People are telling me that I'm such an inspiration to them or that I'm motivating them to do this... to get healthy. It's about 50/50 that I hear each word.
I keep thinking about that... I wondered what the difference is. So I've done some reading and found that I hope I'm inspiring people and not motivating them. Wanna know why? Well first off, here are the definitions from dictionary.com:
Both are very positive things, right? Not in my mind (anymore!!!)
Think about it... when you say "I need the motivation to blah blah blah" it's usually because it's something you don't want to do. When you say "I've been inspired to blah blah blah" it usually means you're excited about it and can't wait to do it.
So there! I want to inspire (and be inspired) to continue on my healthy journey. I want to be inspired to continue exercise (I like exercising anyway - well, most of it)" I want to be inspired to eat better (dude, I feel so much better when I eat well anyway). I too have people who have inspired me... but my motivation was that I could no longer feel and look the way I did (that's the negative) and my inspiration is that I can't wait to be excited to do all the things I used to do when I was thin, can't wait to shop and be happy about it!
I can't wait until I'm Healthfully Ever After!
I was about to sign off here... but I promised on my Healthfully Ever After facebook page that I would tell you about my emotional day on Sunday.

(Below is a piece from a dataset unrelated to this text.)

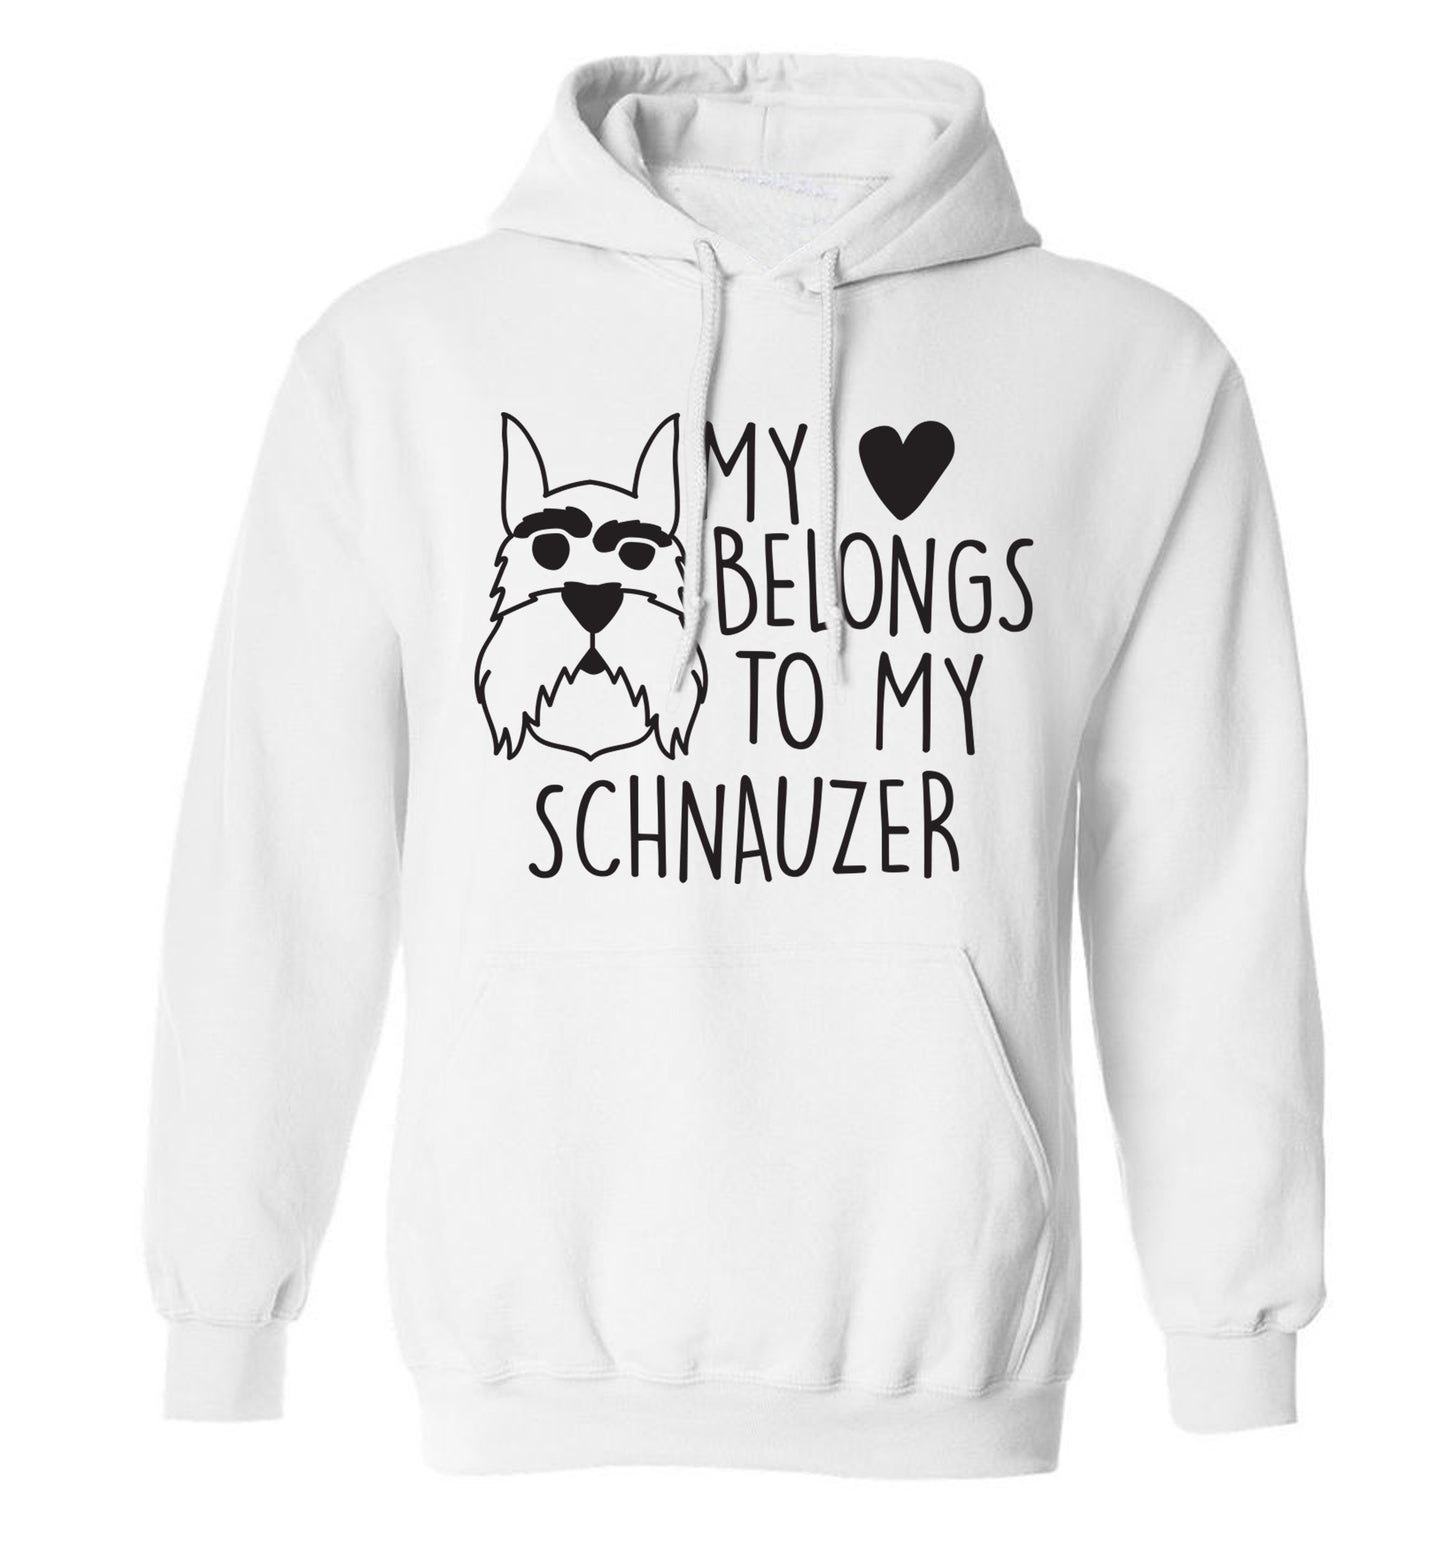 My heart belongs to my schnauzer adults unisex white hoodie 2XL

- I went shopping... for a bra. I cried, because I wasn't a C. I wanted to be a C, I was a D! So here's the deal (those that are gifted in the breasticle area will understand this)... bra companies mess with our minds! At one store/brand, we are one size and at another we are another size. The only thing they really can't/shouldn't mess with us on is the band size. I found that to be fairly true... but the cup size THREW ME OFF. Before starting last year, I had to go to a 44DD bra at Lane Bryant. Lane Bryant is what I call the Fat Store (which is sooo mean and once I lose weight, I will no longer refer to it as that... but while I still fit into their clothes I feel I can). So... I've gone down a few sizes in their bra's and the last i had was a 40 D... so I was expecting to be a 38 C going into this. I was not, am not and will not be a C in "normal" bra sizes for a LONG TIME. I spilled out... spilled out of most of the D's too.... but I found one that fit and one that was comfortable... but I cried because I want them to be smaller!

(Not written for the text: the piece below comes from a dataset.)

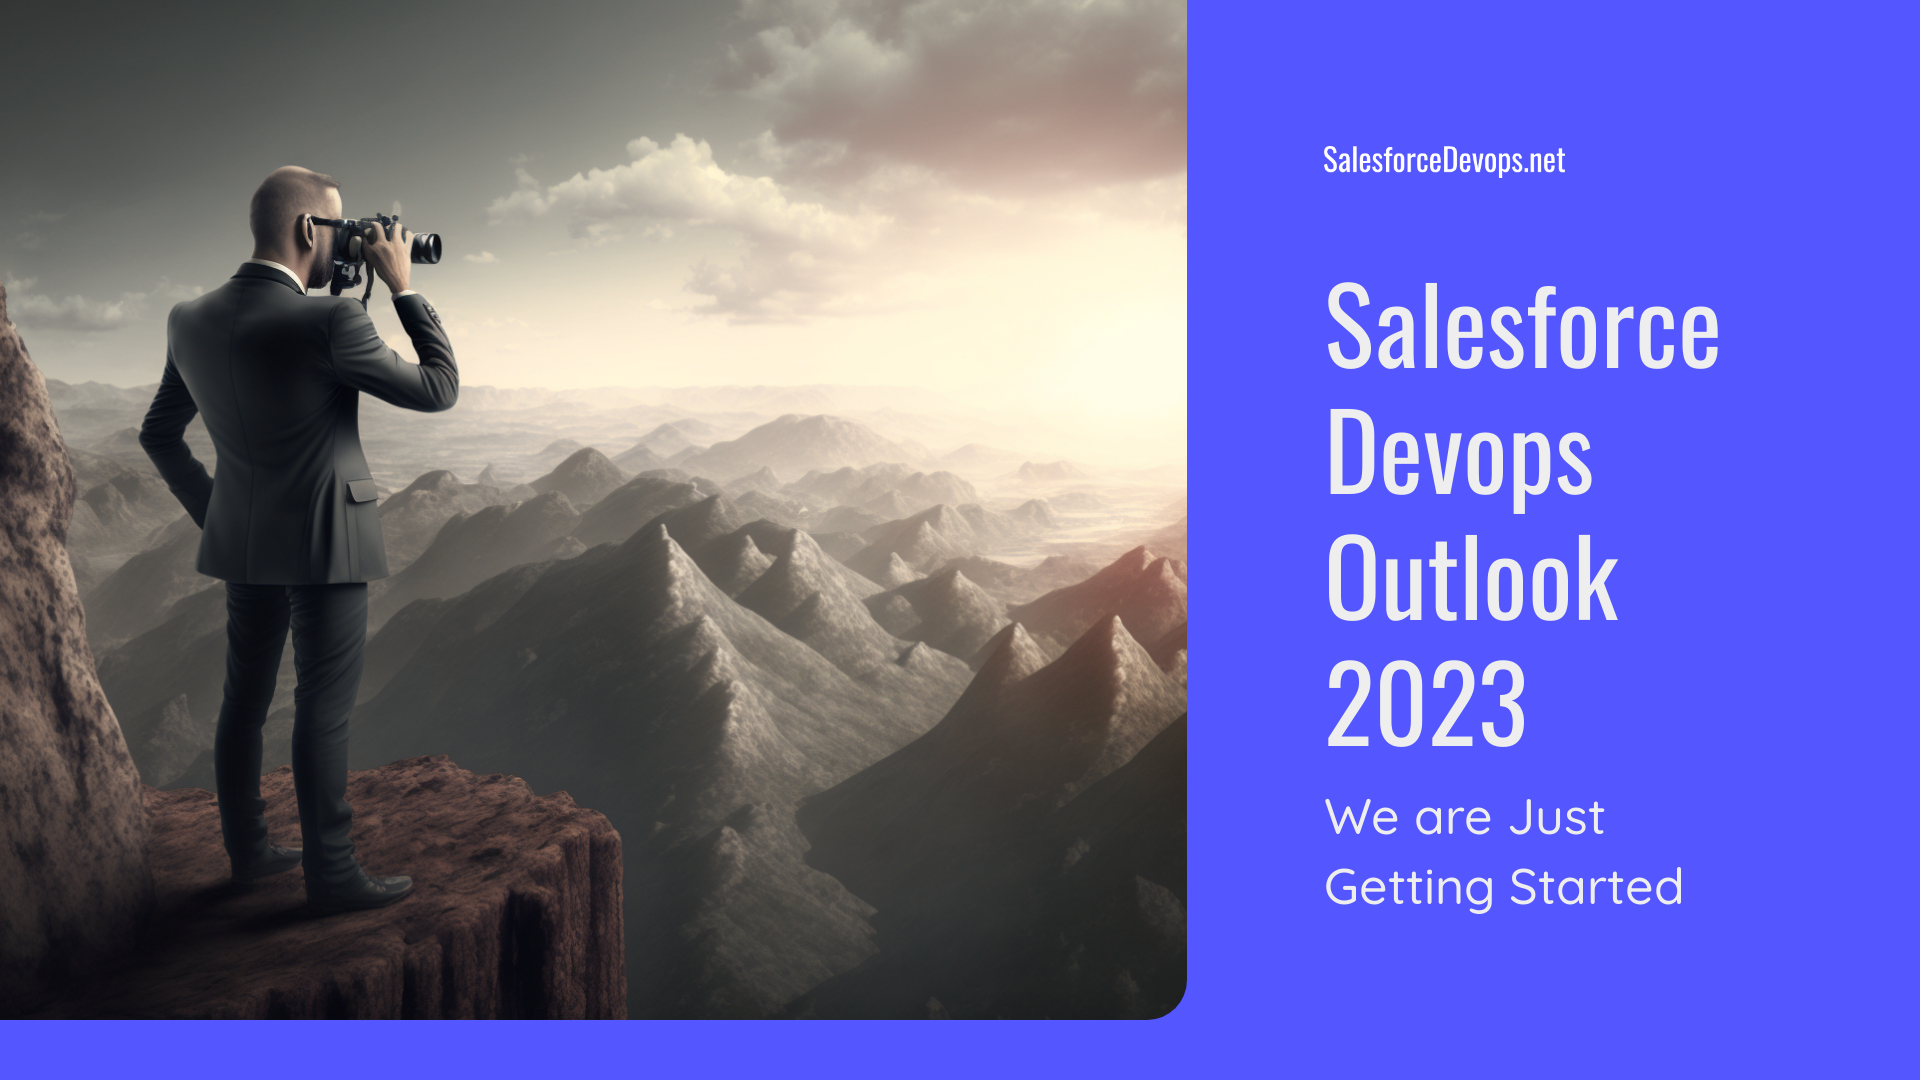 Salesforce Devops Outlook 2023: We are just getting started

- After I got home from bra shopping, my husband and I cleaned house to get ready to go to the Good Will... ummmm... we cleaned my stuff out really. I have hardly anything left. 4 leaf garbage bags of clothes filled (I couldn't even lift it)... took the whole back of my SUV (CR-V so it's small) and then filled up the back seat with othe random stuff. I almost cried. I have ONE pair of shorts that fit right now... I did find two dress pants that will fit for a while, but everything else (including all my cropped pants, 40+ Tshirts, 30 sweaters, etc.) is gone. While it's a great feeling that they don't fit... It makes me realize the commitment I've made to never go back!